▶ **PROBLEM STATEMENT**
You are to retype exactly the line with "Noon Goons - Kicker" and every line after it in the entries below.

▶ **DATASET RECORDS**
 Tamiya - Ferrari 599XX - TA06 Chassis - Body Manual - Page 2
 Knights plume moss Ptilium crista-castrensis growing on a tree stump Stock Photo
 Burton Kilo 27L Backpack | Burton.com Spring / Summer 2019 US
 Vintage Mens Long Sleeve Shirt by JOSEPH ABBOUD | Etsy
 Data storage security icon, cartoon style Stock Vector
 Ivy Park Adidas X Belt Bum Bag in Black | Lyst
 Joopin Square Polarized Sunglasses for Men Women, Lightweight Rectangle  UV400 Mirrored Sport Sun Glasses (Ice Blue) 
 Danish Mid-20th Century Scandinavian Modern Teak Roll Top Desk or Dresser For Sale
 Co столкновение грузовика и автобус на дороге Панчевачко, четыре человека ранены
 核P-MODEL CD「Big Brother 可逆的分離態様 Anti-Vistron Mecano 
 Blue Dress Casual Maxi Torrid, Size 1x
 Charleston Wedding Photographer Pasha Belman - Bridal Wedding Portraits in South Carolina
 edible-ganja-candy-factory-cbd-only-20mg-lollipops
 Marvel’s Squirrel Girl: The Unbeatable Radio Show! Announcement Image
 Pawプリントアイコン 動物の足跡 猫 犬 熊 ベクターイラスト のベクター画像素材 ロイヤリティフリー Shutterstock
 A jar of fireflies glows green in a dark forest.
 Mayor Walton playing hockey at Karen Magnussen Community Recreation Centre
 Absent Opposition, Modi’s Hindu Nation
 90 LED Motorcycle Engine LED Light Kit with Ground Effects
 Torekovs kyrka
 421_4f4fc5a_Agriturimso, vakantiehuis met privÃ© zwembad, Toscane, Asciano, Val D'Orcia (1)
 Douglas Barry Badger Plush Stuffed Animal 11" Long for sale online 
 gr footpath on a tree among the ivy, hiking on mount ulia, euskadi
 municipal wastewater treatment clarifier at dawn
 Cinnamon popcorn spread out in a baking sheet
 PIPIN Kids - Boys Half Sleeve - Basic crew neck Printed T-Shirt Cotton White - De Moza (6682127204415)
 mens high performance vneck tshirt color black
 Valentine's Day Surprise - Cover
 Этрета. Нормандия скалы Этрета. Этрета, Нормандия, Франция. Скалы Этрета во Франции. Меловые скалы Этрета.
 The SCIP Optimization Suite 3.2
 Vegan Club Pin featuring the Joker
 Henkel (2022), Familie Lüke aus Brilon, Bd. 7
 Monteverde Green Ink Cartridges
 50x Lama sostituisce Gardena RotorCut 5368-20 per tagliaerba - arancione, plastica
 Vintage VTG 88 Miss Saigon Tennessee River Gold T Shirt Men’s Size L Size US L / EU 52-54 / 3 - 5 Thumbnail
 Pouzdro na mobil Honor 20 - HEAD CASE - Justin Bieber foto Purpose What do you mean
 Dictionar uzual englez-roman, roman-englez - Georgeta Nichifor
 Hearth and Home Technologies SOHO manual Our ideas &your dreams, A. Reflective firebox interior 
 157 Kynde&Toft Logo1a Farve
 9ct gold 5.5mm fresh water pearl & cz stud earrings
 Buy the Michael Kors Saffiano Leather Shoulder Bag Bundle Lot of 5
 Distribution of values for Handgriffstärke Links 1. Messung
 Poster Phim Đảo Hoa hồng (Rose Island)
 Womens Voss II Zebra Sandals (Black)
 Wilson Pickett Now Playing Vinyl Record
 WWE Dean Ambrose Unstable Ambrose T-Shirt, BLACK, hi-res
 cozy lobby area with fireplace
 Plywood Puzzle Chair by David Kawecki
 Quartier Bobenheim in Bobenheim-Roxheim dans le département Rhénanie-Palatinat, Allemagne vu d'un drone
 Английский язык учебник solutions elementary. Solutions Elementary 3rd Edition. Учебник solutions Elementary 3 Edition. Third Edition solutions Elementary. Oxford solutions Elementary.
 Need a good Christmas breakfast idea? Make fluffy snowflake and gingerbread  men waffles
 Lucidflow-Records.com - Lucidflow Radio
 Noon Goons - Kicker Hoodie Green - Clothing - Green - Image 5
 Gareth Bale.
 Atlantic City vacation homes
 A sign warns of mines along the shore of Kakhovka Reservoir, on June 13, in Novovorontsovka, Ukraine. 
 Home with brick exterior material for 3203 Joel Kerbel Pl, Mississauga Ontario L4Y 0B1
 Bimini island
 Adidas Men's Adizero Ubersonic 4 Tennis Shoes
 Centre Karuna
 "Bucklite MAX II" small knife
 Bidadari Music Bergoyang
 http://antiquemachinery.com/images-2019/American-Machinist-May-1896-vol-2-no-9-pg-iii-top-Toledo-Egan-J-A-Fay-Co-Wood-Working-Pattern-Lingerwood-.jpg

▶ **SOLUTION TO THIS PROBLEM**
 Noon Goons - Kicker Hoodie Green - Clothing - Green - Image 5
 Gareth Bale.
 Atlantic City vacation homes
 A sign warns of mines along the shore of Kakhovka Reservoir, on June 13, in Novovorontsovka, Ukraine. 
 Home with brick exterior material for 3203 Joel Kerbel Pl, Mississauga Ontario L4Y 0B1
 Bimini island
 Adidas Men's Adizero Ubersonic 4 Tennis Shoes
 Centre Karuna
 "Bucklite MAX II" small knife
 Bidadari Music Bergoyang
 http://antiquemachinery.com/images-2019/American-Machinist-May-1896-vol-2-no-9-pg-iii-top-Toledo-Egan-J-A-Fay-Co-Wood-Working-Pattern-Lingerwood-.jpg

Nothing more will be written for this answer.